[Saved data entries]
● ● ● ● ●
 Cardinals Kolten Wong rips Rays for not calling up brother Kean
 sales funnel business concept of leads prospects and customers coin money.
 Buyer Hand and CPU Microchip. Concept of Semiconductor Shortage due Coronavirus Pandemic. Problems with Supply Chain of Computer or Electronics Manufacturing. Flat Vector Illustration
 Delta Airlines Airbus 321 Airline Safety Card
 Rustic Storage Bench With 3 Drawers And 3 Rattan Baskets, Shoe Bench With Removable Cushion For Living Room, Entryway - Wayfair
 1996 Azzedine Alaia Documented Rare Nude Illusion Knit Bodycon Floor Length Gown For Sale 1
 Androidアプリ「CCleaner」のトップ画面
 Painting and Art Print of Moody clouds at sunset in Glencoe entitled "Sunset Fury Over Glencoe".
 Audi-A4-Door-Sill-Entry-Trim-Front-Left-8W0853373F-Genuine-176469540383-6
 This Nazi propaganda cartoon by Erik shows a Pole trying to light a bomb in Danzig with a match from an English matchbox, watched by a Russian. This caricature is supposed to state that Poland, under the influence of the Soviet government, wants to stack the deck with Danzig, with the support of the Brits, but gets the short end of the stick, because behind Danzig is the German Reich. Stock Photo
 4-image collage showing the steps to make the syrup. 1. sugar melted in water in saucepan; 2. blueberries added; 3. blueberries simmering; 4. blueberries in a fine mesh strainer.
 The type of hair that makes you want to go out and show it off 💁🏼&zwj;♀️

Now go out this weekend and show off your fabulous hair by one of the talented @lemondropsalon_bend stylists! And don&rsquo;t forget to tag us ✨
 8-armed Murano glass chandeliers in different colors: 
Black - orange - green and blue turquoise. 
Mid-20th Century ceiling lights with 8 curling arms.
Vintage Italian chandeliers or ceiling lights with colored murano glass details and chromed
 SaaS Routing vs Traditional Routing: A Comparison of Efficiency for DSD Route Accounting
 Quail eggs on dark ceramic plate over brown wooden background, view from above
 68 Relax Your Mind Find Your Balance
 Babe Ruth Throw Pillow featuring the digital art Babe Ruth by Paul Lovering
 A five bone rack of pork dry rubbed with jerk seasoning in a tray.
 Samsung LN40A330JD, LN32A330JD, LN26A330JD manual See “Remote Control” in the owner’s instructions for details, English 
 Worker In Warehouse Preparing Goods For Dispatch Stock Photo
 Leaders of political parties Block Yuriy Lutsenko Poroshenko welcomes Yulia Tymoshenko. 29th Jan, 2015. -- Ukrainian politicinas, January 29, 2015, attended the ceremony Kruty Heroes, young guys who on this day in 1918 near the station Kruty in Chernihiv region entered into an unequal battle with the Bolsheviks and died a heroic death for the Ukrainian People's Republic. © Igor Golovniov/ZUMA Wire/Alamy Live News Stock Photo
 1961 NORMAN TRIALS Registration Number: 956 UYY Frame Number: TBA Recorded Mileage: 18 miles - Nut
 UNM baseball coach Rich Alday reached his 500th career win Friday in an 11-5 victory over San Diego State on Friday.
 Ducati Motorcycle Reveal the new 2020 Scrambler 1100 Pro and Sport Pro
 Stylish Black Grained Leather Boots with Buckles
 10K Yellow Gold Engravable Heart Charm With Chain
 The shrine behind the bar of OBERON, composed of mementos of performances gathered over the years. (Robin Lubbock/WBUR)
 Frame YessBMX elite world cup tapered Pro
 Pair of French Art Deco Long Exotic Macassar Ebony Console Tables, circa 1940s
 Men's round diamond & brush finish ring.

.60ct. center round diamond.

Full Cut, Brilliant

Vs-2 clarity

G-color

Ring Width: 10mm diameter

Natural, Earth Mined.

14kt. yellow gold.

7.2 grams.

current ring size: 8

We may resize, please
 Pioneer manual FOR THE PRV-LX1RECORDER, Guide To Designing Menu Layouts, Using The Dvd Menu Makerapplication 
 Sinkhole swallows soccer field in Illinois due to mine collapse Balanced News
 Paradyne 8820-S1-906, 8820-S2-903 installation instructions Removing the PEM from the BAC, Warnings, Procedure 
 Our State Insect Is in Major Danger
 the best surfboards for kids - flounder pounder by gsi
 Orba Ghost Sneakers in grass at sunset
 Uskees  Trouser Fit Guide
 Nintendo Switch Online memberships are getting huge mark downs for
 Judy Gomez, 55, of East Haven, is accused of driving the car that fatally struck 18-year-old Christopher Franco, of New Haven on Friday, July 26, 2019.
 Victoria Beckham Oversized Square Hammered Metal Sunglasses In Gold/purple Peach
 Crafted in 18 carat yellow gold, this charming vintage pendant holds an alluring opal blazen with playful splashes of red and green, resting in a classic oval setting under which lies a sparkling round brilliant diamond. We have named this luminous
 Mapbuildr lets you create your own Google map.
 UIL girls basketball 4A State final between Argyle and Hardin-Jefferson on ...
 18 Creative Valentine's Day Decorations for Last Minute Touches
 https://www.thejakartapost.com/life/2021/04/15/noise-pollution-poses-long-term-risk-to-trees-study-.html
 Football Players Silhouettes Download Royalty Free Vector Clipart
● ● ● ● ●
> Exercise details:
All lines from the one with "Crafted in 18" onward to the end of the records above should be repeated exactly, and only those lines.

> Solution to this exercise:
 Crafted in 18 carat yellow gold, this charming vintage pendant holds an alluring opal blazen with playful splashes of red and green, resting in a classic oval setting under which lies a sparkling round brilliant diamond. We have named this luminous
 Mapbuildr lets you create your own Google map.
 UIL girls basketball 4A State final between Argyle and Hardin-Jefferson on ...
 18 Creative Valentine's Day Decorations for Last Minute Touches
 https://www.thejakartapost.com/life/2021/04/15/noise-pollution-poses-long-term-risk-to-trees-study-.html
 Football Players Silhouettes Download Royalty Free Vector Clipart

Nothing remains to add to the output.